Mindbodygreen recently published an article analyzing the difference between parsley and cilantro. Not only do these two herbs look the same, but their nutritional benefits beg you to start incorporating them into your diet. They can be consumed cooked or raw, from using them to punch up the flavor in your soups to throwing them into your blender for smoothies. These potent plants are chock full of nutrition, containing anti-inflammatory antioxidants that support blood sugar, brain health, and immunity.

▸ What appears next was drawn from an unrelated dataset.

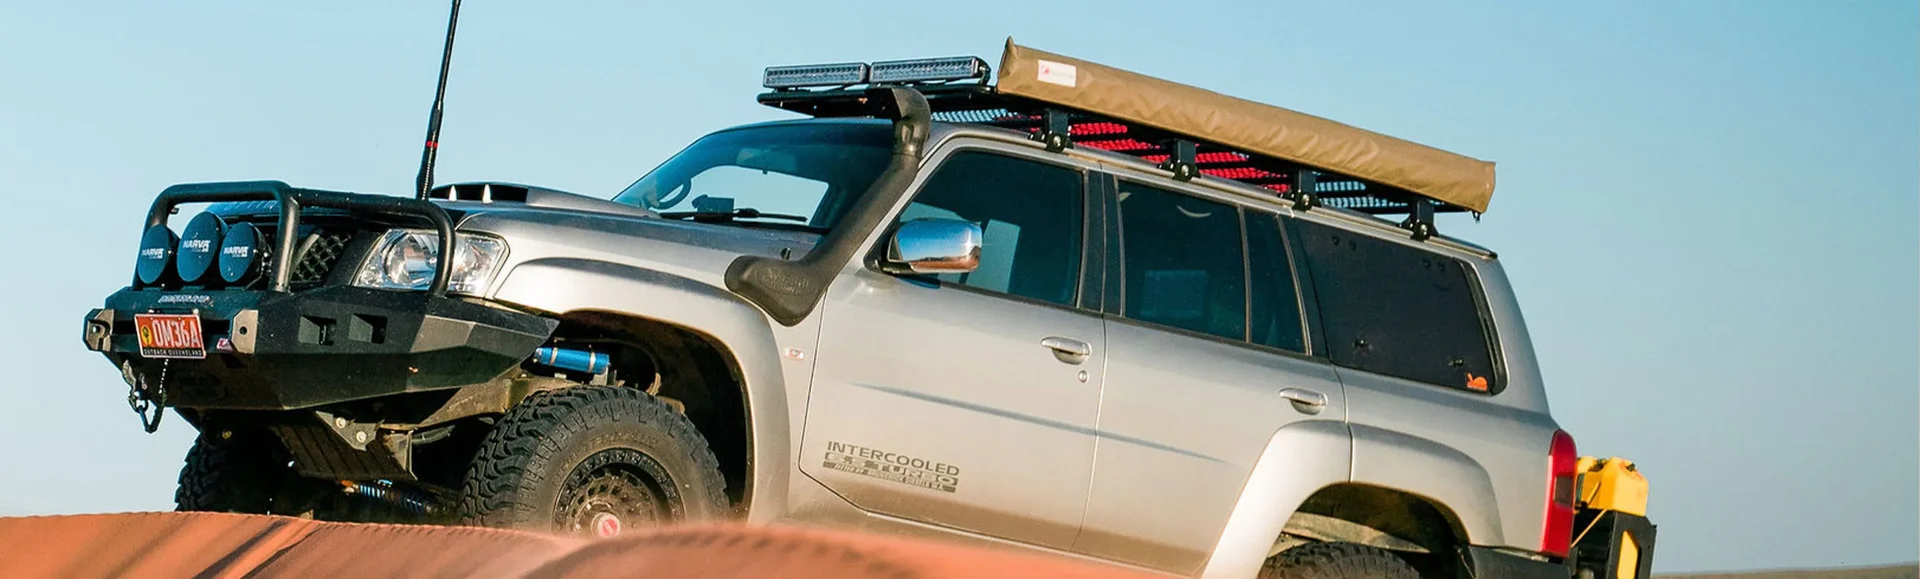 4x4 Accessories to Explore the Warmth of Desert

My favorite way to consume them kills two birds with one stone: Chimichurri Sauce! Find the flavorful recipe below.
Chimichurri Sauce
Herbs and spices are blended together to yield this delicious sauce. The perfect condiment for lean proteins or drizzle as a dressing.
Equipment
- Blender or food processor
Ingredients
- ½ cup olive oil
- ⅓ cup red wine vinegar
- 1 cup fresh Italian parsley, finely chopped
- ¼ cup fresh cilantro, finely chopped
- 2 garlic cloves, minced
- ¾ – 1 teaspoon crushed red pepper flakes
- ½ teaspoon ground cumin
- ½ teaspoon sea salt
Instructions
- Place everything in a food processor or high-speed blender. Blend until smooth.
- Transfer the sauce to a small bowl and allow to sit for 30 minutes before serving if able. It is even better the next day!
Notes
Storage: Keep refrigerated in an airtight jar or container for up to 1 week.
Enjoy it as a dressing or marinade. I suggest topping it on your favorite protein!